Moving to the Non Cooperation movement, press wanted to know how students planned to implement it. The implementation would be by not paying toll fees, no taking tickets in trains, no paying taxes, not doing anything that earns a revenue for the government. So who would implement it? Will the students block the toll collectors, the ticket counters, lay siege to tax offices..etc.? “It is to be done by gaining the support of the public, and hence we are calling the public take up the non cooperation movement”. What? A call for the public? I thought it was a student movement. Public support is good thing to ask for, but telling public to take forward the movement? This is where I really really felt the “We were kidding……..” moment. Even if the directive was to telling students lay siege to toll gates and ticket counters I would have felt happy at the simple-thought proposal of “non cooperation movement”. But telling the public to take over indirectly was like “Hey play time is over go to bed now.” Actually this statement put the movement to bed. Someone was mentioning something about stopping the power from Neyveli Lignite Corporation at the last minute briefing when waiting outside, luckily they didn’t mention it inside, I would have stood up and walked home crying.
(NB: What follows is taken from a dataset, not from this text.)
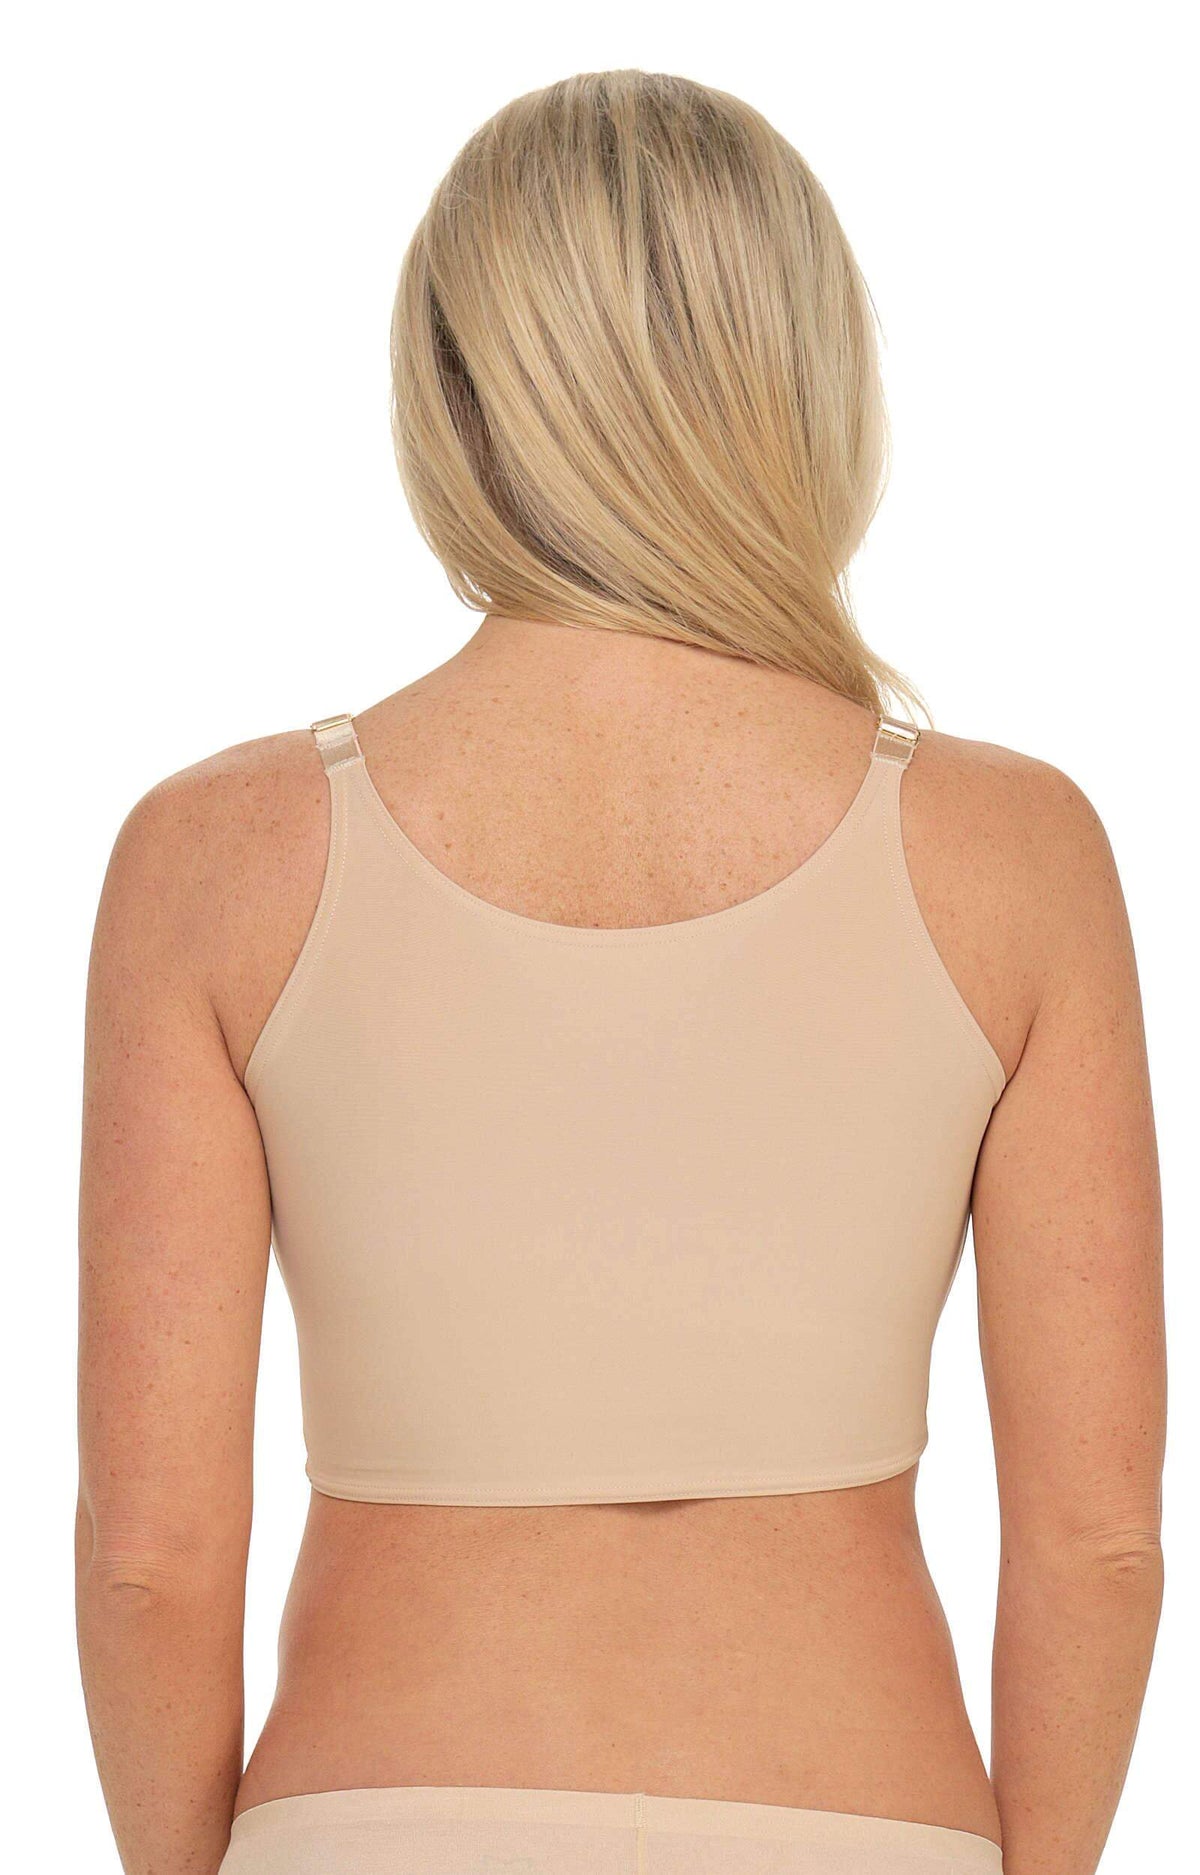 Shapeez – The Shortee, Full Coverage Bra, Back Smoothing Bras for Women,  Underwire Seamless Bra Back Fat Coverage, Lightweight Foam Padded Bra,  Nude, X-Small, A at  Women's Clothing store: Bras

The official statement carried a phrase, “throwing the Congress Party out of Tamil Nadu by democratic process“.  I actually warned the guy before entering not to talk about political parties in general. It looked like Congress was already printed in the press note they brought. Fine, if hell breaks loose who cares about excesses? Then came the question:

Why congress?

Because they don’t support our agenda.

The BJP doesn’t support too. What do you say about that?

We do not support BJP either.

You want to make the center to act. If both parties are against your demands, whoever comes to power in center they won’t support you. How/When do you think you can achieve your goals?

We will create a third front.

This hit the floor square, everyone laughed, including me (pardon me,I didn’t mean to insult). Future movement organizers, I beg you, if you are creating a apolitical movement, make sure your entire process is apolitical. I personally would have preferred to talk about central govt in general not about a particular party. Or at least would have avoided the direct political questions by saying the movement is not yet fully grown to impact such big political changes. I am not thinking this over and writing, I was precisely thinking those “deflective” answers sitting in the audience, I just wonder why no one on stage thought the same.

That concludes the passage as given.